A cavernoma is a small cluster of thin and thick walled venous channels without any intervening neural tissue. A cavernoma may be found near a large vein that drains a large region of brain called a developmental venous anomaly (DVA). A cavernomas, however, lacks and direct connection with any feeding arteries or draining veins. Cavernomas are usually found in the brain and brain stem, rarely are they found in the spinal cord. In 50 percent of case a cavernomas are multiple.
Genetics has been shown to influence cavernoma formation. In fact entire families that have cavernous malformations have been identified and studied. Mutations in several genes have been identified (CCM1, CCM2 and CCM3) that are responsible for the autosomal dominant inheritance patterns of cavernoma in these families. This autosomal dominant inheritance pattern accounts for less than half of cavernomas, and the remaining patients have a spontaneous mutations that lead to the formation of these cavernomas. Radiation treatments to the brain have been associated with the spontaneous formation of cavernomas, particularly if the radiation was administered in childhood.
Patients with cavernomas may present with new onset seizures, progressive neurological deficit and occasionally cerebral hemorrhages. Cavernomas tend to have repeated small hemorrhages that are rarely neurologically devastating. The annual risk of a cavernoma bleeding ranges from 0.2 to 2 percent. Cavenomas are usually diagnosed on MRI as they have a very characteristic appearance.
The treatment strategy for a cavernoma depends on its location in the brain and spinal cord.
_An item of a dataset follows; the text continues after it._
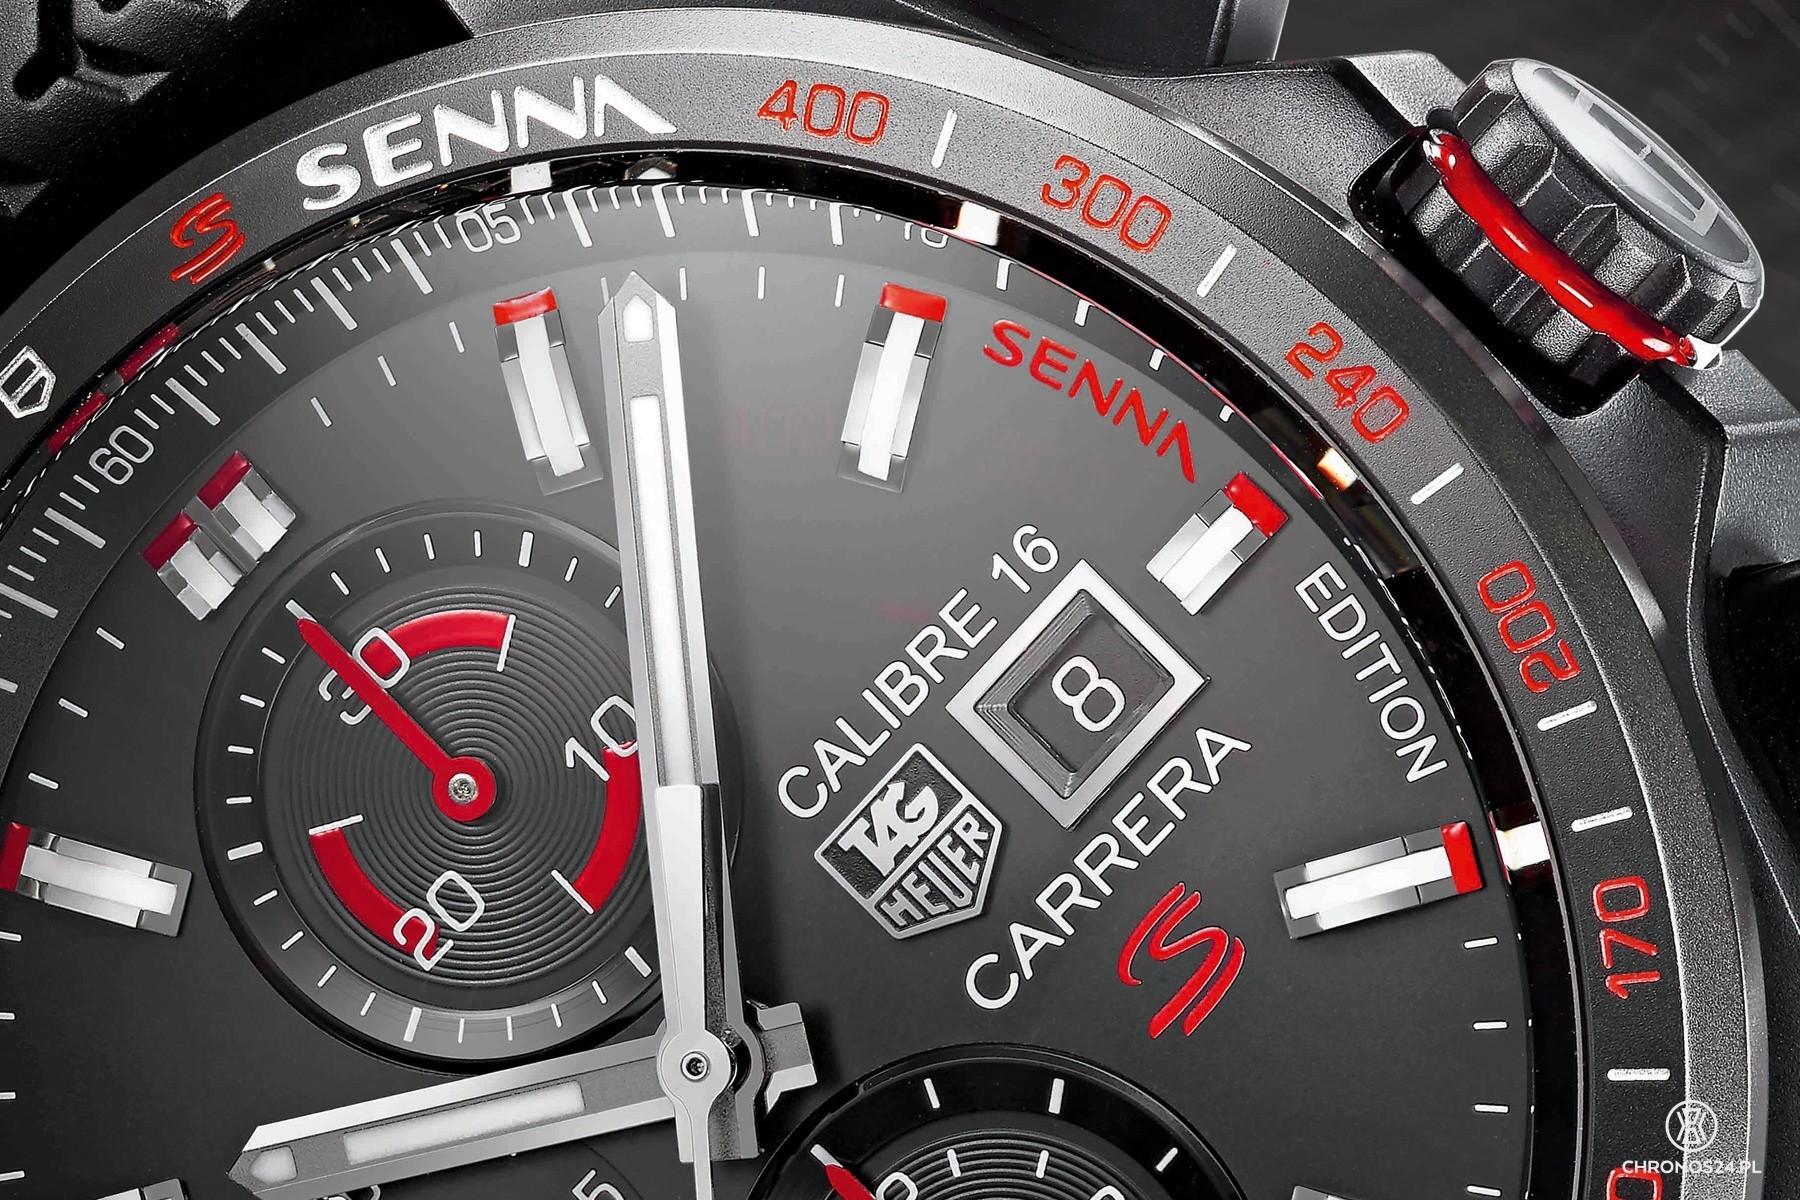 614d951c86467 TAG Heuer Carrera Calibre 16 Senna Edition - WatchMarkaz.pk ...
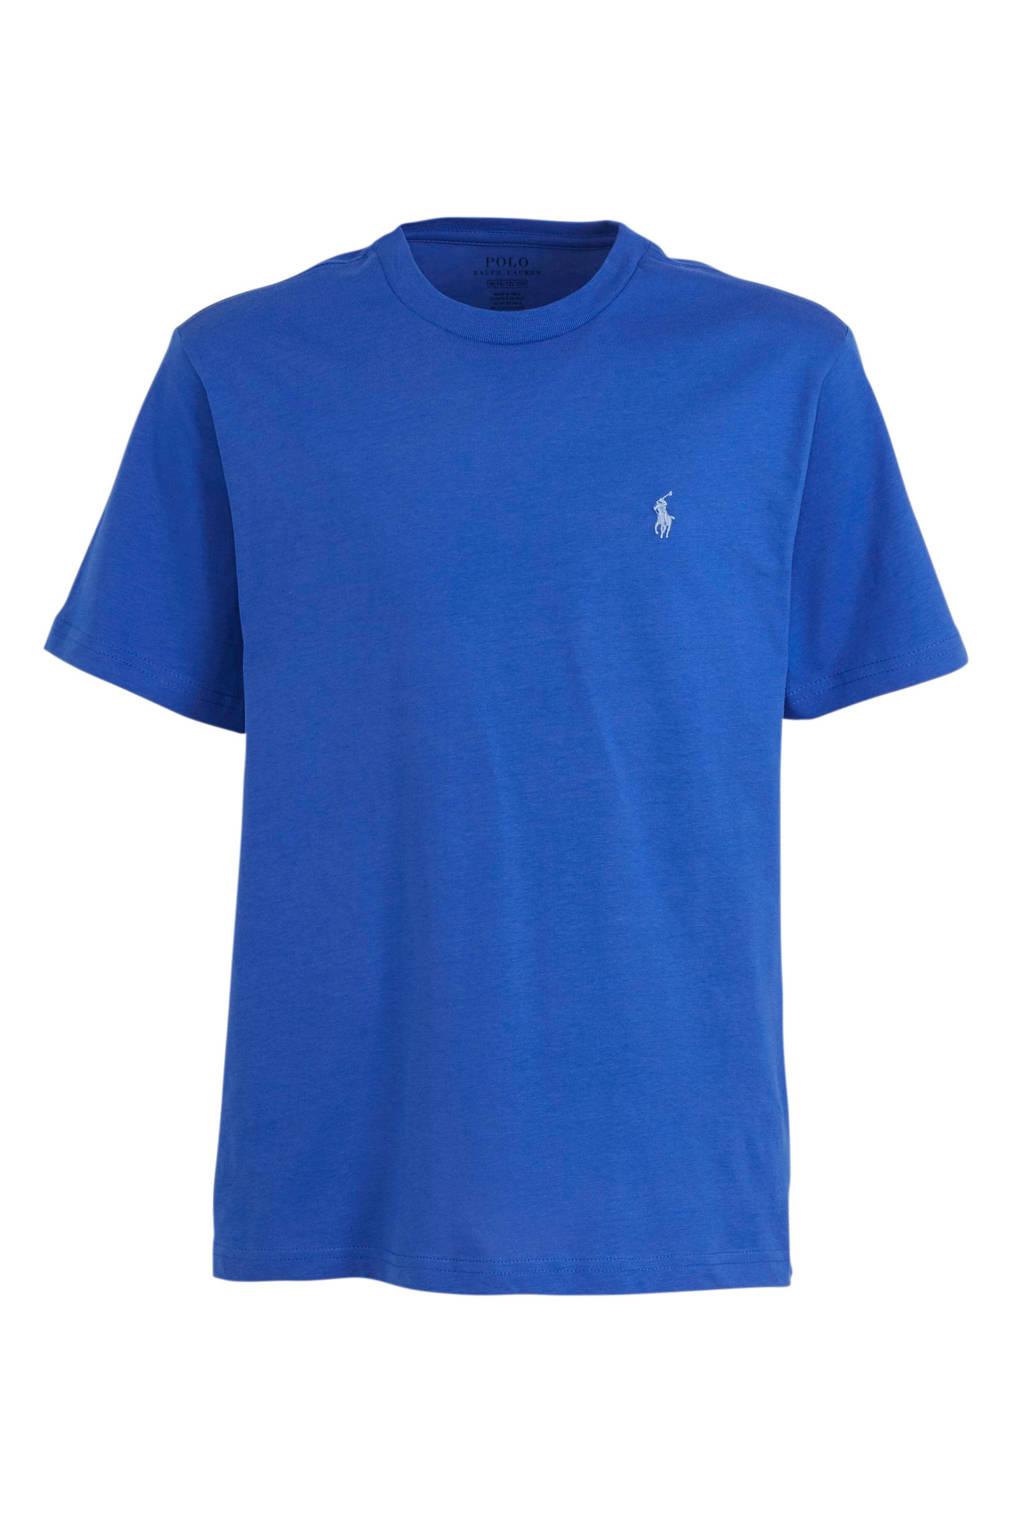 POLO Ralph Lauren T-shirt met logoborduursels blauw, Blauw/lichtblauw

Cavernomas that are in surgically accessible regions of the brain usually can be removed with a reasonable degree of safely. If a cavernoma is located in the brain stem or spinal cord surgical excision carries a greater risk of post-operative neurological deficit. For this reason, brain and spinal cavernomas are frequently observed and surgical resection is reserved for patients who have repeated hemorrhages associated with neurological deterioration. Surgery is the only available treatment for cavernomas and it is well documented that they do not respond to radiation therapy. Some families of patients with multiple cavernomas and/or multiple family members with cavernomas may benefit from genetic counseling.
Axial flair sequence of the brain demonstrating a right temporal cavernoma. Note the dark ring (arrowheads) around the cavernoma. This ring, called a hemosiderin ring, arises from old blood products that are deposited around the perimeter of the cavernoma following small hemorrhagic events. This hemosiderin ring is characteristic of cavernomas.